短期間の作業なら問題ありませんが、長期間無効にするのは避けましょう。
どうしても必要な作業をする間だけ無効にして、終わったらすぐに有効に戻すのが基本です。
SIPが有効だと何ができなくなる?
通常の使い方であれば、SIPが有効でも困ることはほとんどありません。
システムファイルの直接編集や、一部の高度なカスタマイズができなくなるだけです。一般的なアプリのインストールや使用には影響しません。
企業や学校のMacでも使える?
管理されているMacの場合、SIPの設定が組織のポリシーで固定されていることがあります。
勝手にSIPを無効にすると、セキュリティポリシー違反になる可能性があるので、必ず管理者に確認してください。

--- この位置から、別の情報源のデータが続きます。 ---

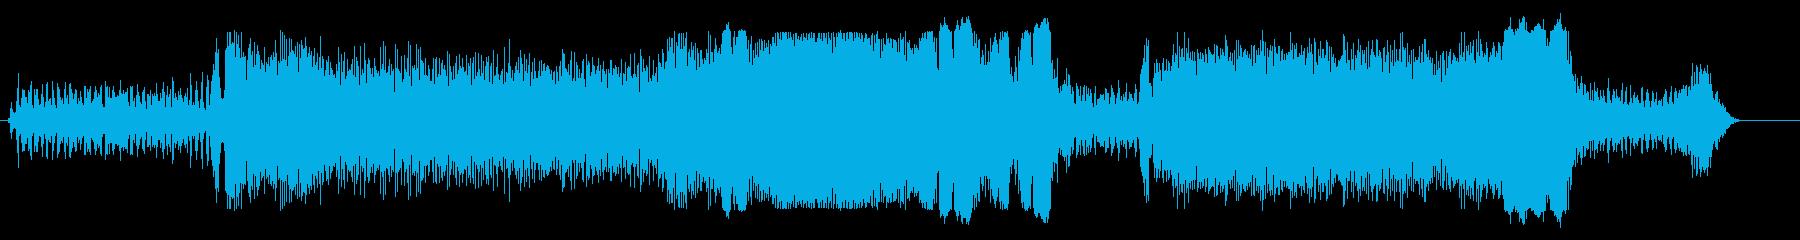 ドラッグスター;アイドル/回転/オ...の再生済みの波形

SIPを無効にしてもAppleのサポートは受けられる?
Appleのサポートを受けること自体は可能ですが、SIPを無効にしたことが原因の問題については、サポート対象外になる可能性があります。
まとめ
csrutilコマンドは、macOSのSystem Integrity Protection(SIP)を管理するための重要なツールです。
csrutilコマンドの基本
- macOSのセキュリティ機能(SIP)を制御する
- リカバリーモードから実行する必要がある
- システムファイルの保護を一時的に解除できる
主なコマンド
csrutil status:現在の状態を確認csrutil disable:SIPを無効にするcsrutil enable:SIPを有効にするcsrutil clear:設定を初期化
重要な注意点
- SIPを無効にするとセキュリティリスクが高まる
- 作業後は必ず有効に戻す
- 事前にバックアップを取っておく
- 本当に必要な場合のみ使用する
csrutilコマンドは強力なツールですが、それだけに慎重な使用が求められます。システムのセキュリティと安定性を保つためにも、必要最小限の使用に留めることをおすすめします。
通常の使い方であれば、SIPは有効なままで問題ありません。特別な理由がない限り、デフォルトの設定(有効)のまま使い続けるのが最も安全ですよ!